We evaluated 7 patients, with a median age of 35 years (range, 28-39 years). Six women were nulliparous, whereas 1 woman had a single child. Previous surgical intervention left 5 women with a single ovary, whereas the remaining 2 had previous ovarian-sparing surgery. The median size of recurrence was 18 mm (range, 12-37 mm). All women underwent uncomplicated intraoperative guided ovarian wedge resections. Histological assessment confirmed sBOT in all 7 cases. Six of the women remain disease-free. One woman recurred postoperatively with her third recurrence, who previously had bilateral disease and noninvasive implants with microinvasive disease and micropapillary pattern. No cases progressed to invasive disease. The median follow-up time was 12 months (range, 1-20 months). One pregnancy has been achieved postoperatively but resulted in miscarriage.

CONCLUSIONS

Continuous intraoperative ultrasound can be used to facilitate complete tumor excision in recurrent sBOT while minimizing the removal of ovarian tissue in women with recurrent sBOT. It is essential that surgical techniques evolve simultaneously with diagnostic imaging modalities to enable surgeons to treat such pathology.

摘要

目的

本研究旨在证明术中超声引导下卵巢楔形切除术在治疗复发性浆液性交界性卵巢肿瘤(sBOTs)中的应用,这些肿瘤太小以至于腹腔镜下无法看到。

方法

这是一项对所有复发性sBOT且腹腔镜下不可见的女性进行的前瞻性分析,这些女性于2015年1月至2016年12月在英国伦敦帝国理工学院国民保健服务信托基金西伦敦妇科癌症中心接受了术中超声引导下卵巢楔形切除术。

结果

我们评估了7例患者,中位年龄为35岁(范围28 - 39岁)。
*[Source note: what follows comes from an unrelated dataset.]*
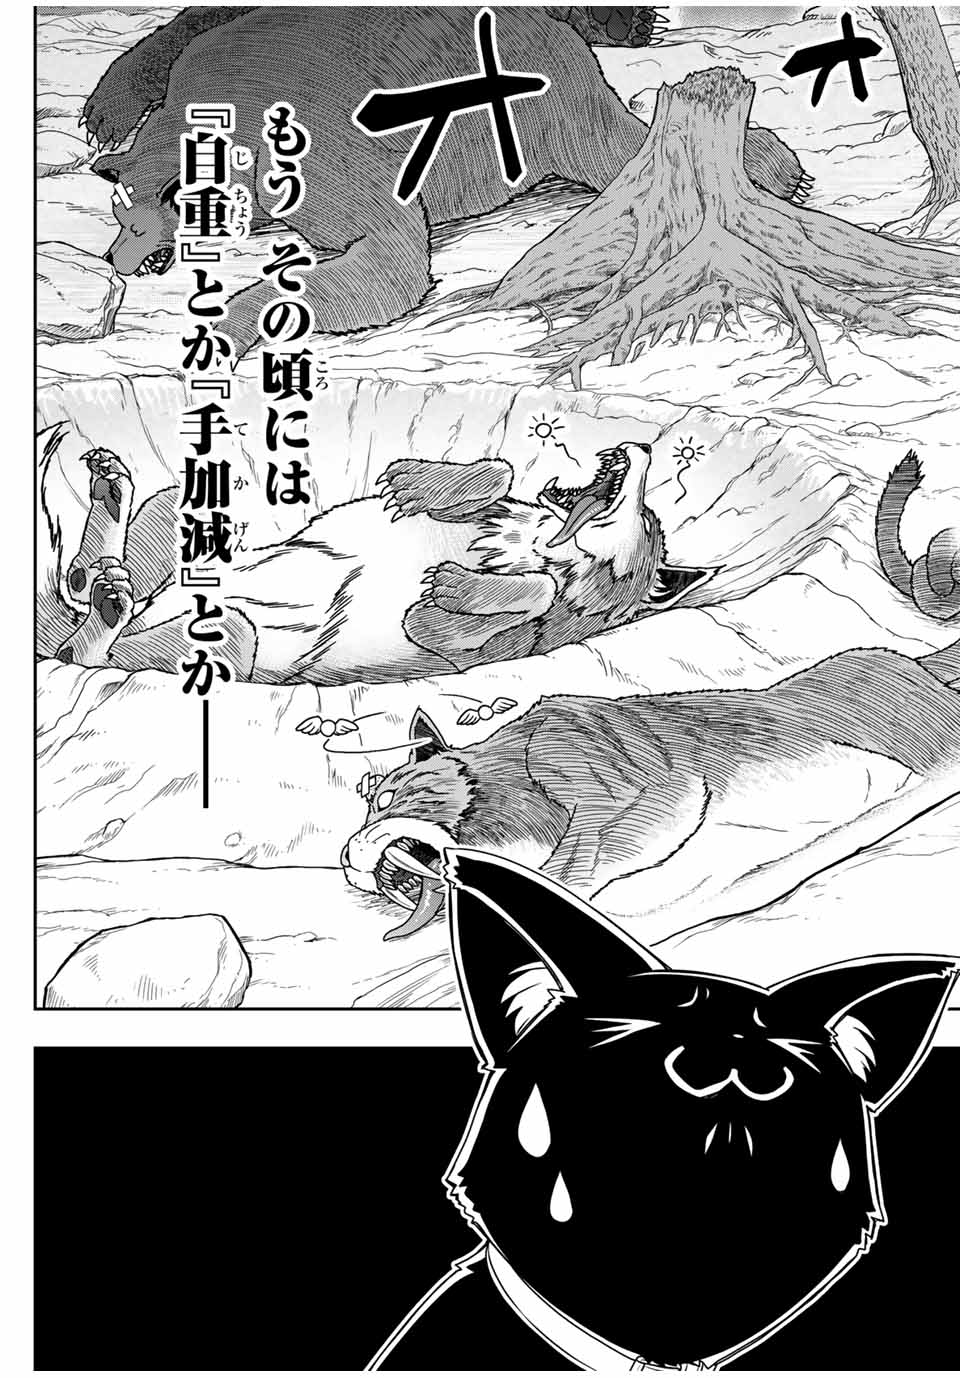 Nengan no Akuyaku Reijou (Last Boss) no Karada wo Teniiretazo!  - Chapter 6 - Page 3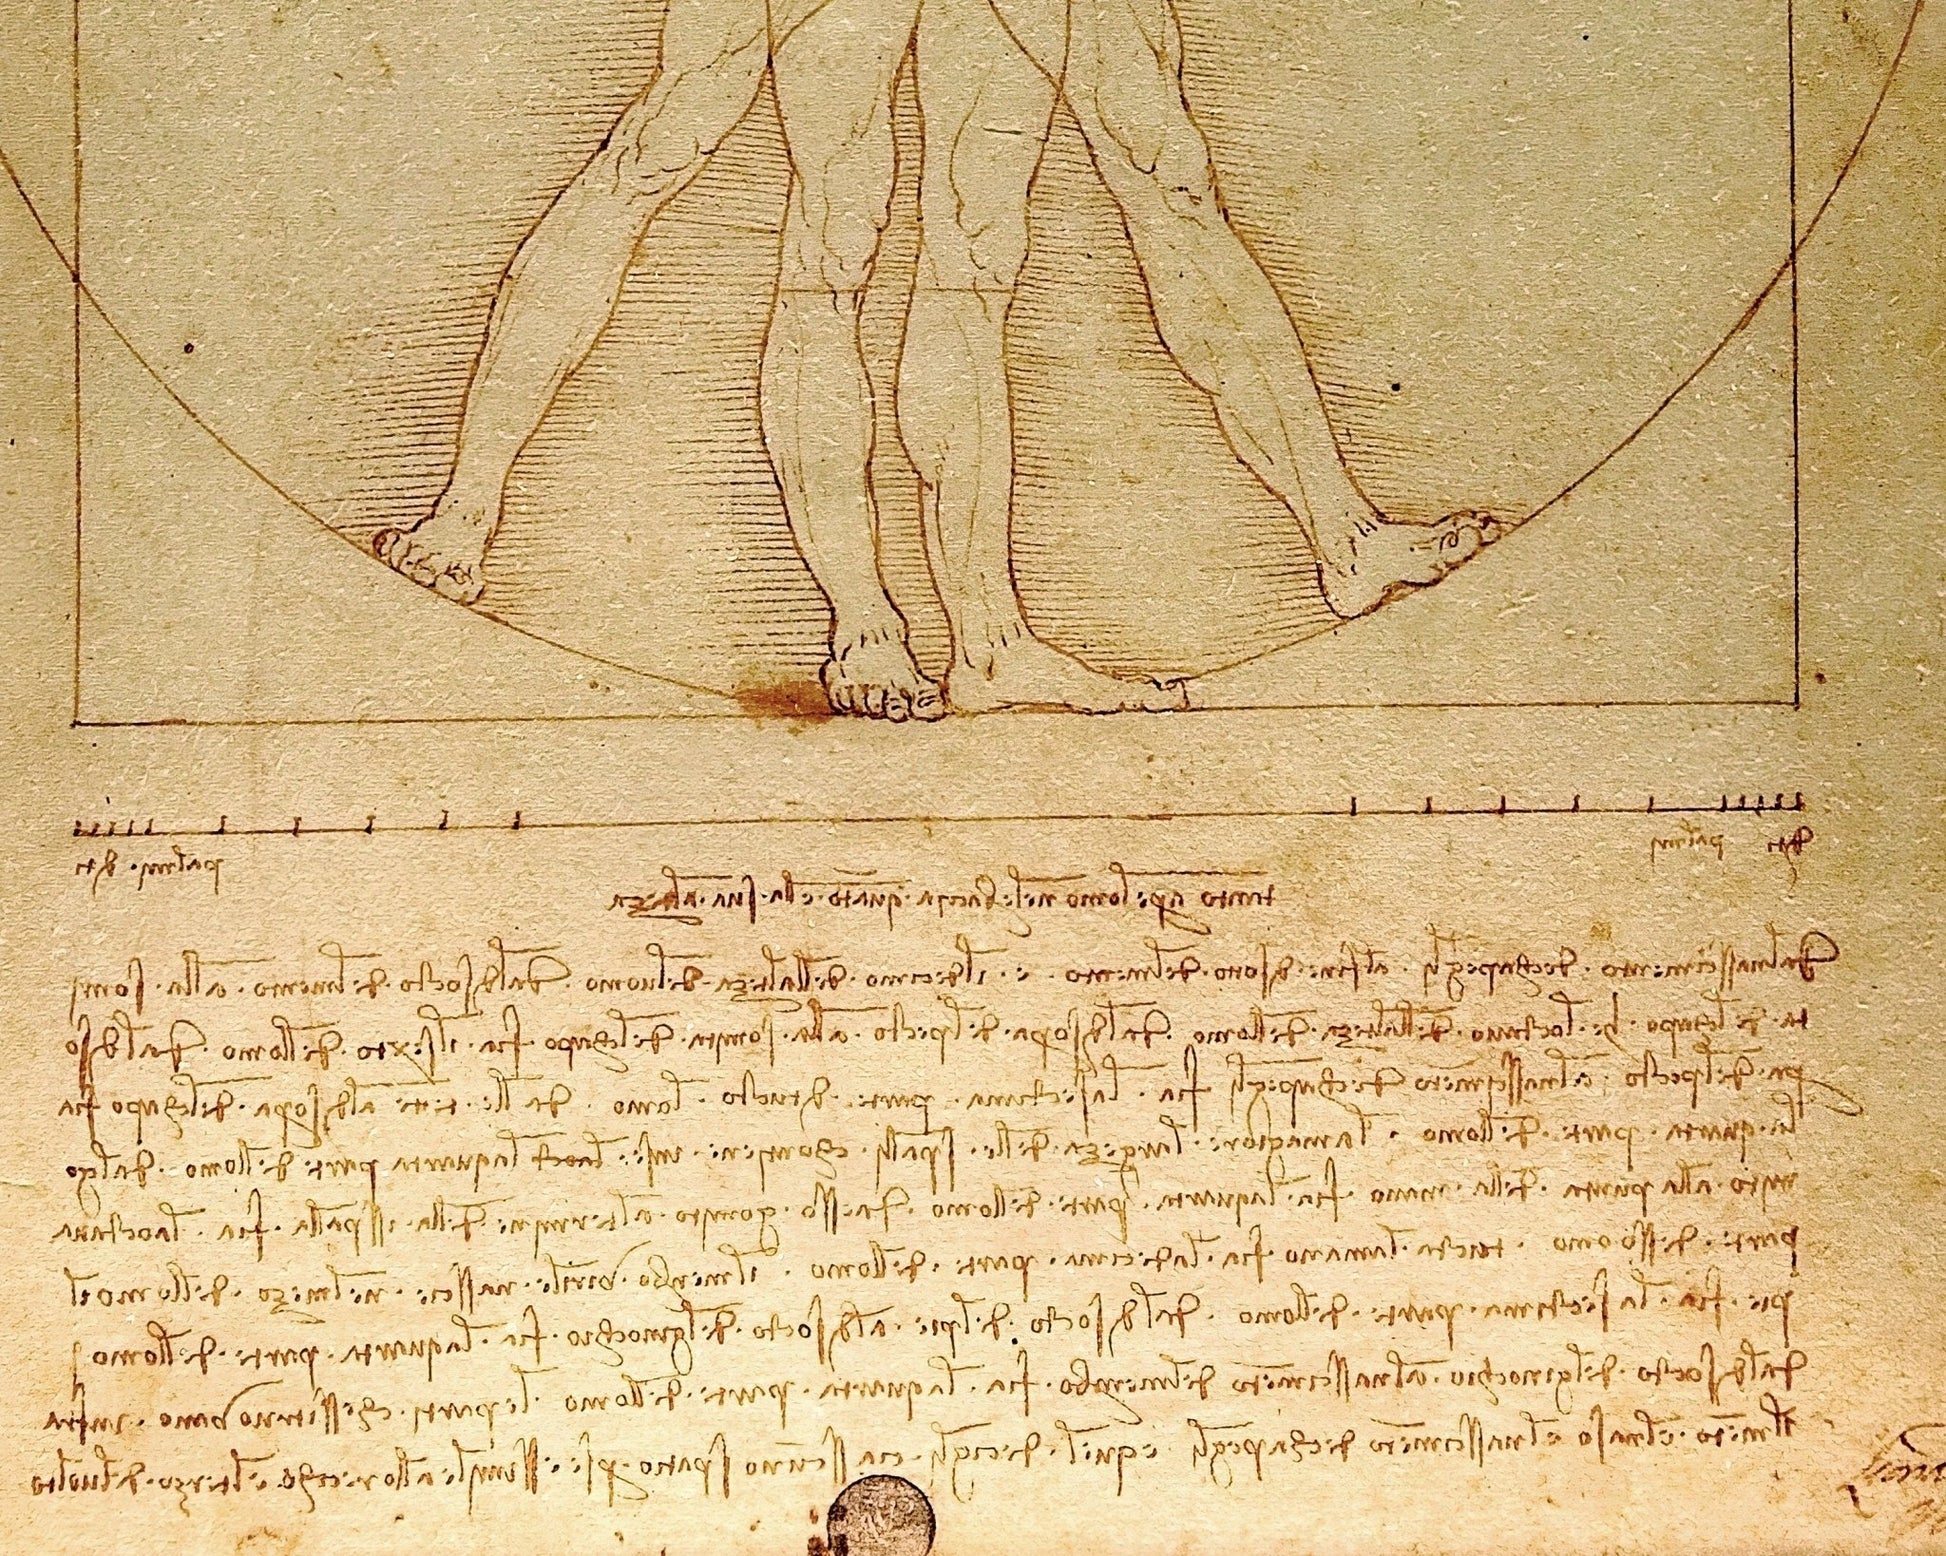 Leonardo da Vinci "Vitruvian Man" (c.1490) - Mabon Gallery

6名女性未生育,1名女性有一个孩子。先前的手术干预使5名女性只剩一个卵巢,其余2名女性曾接受过保留卵巢的手术。复发肿瘤的中位大小为18毫米(范围12 - 37毫米)。所有女性均顺利接受了术中引导下卵巢楔形切除术。组织学评估证实所有7例均为sBOT。其中6名女性无疾病复发。1名女性术后复发,这是她第三次复发,她之前患有双侧疾病,有非侵袭性种植灶伴微侵袭性疾病和微乳头模式。没有病例进展为侵袭性疾病。中位随访时间为12个月(范围1 - 20个月)。术后有1例妊娠,但以流产告终。

结论

术中持续超声可用于促进复发性sBOT的肿瘤完整切除,同时尽量减少复发性sBOT女性的卵巢组织切除。手术技术必须与诊断成像方式同步发展,以使外科医生能够治疗此类病变。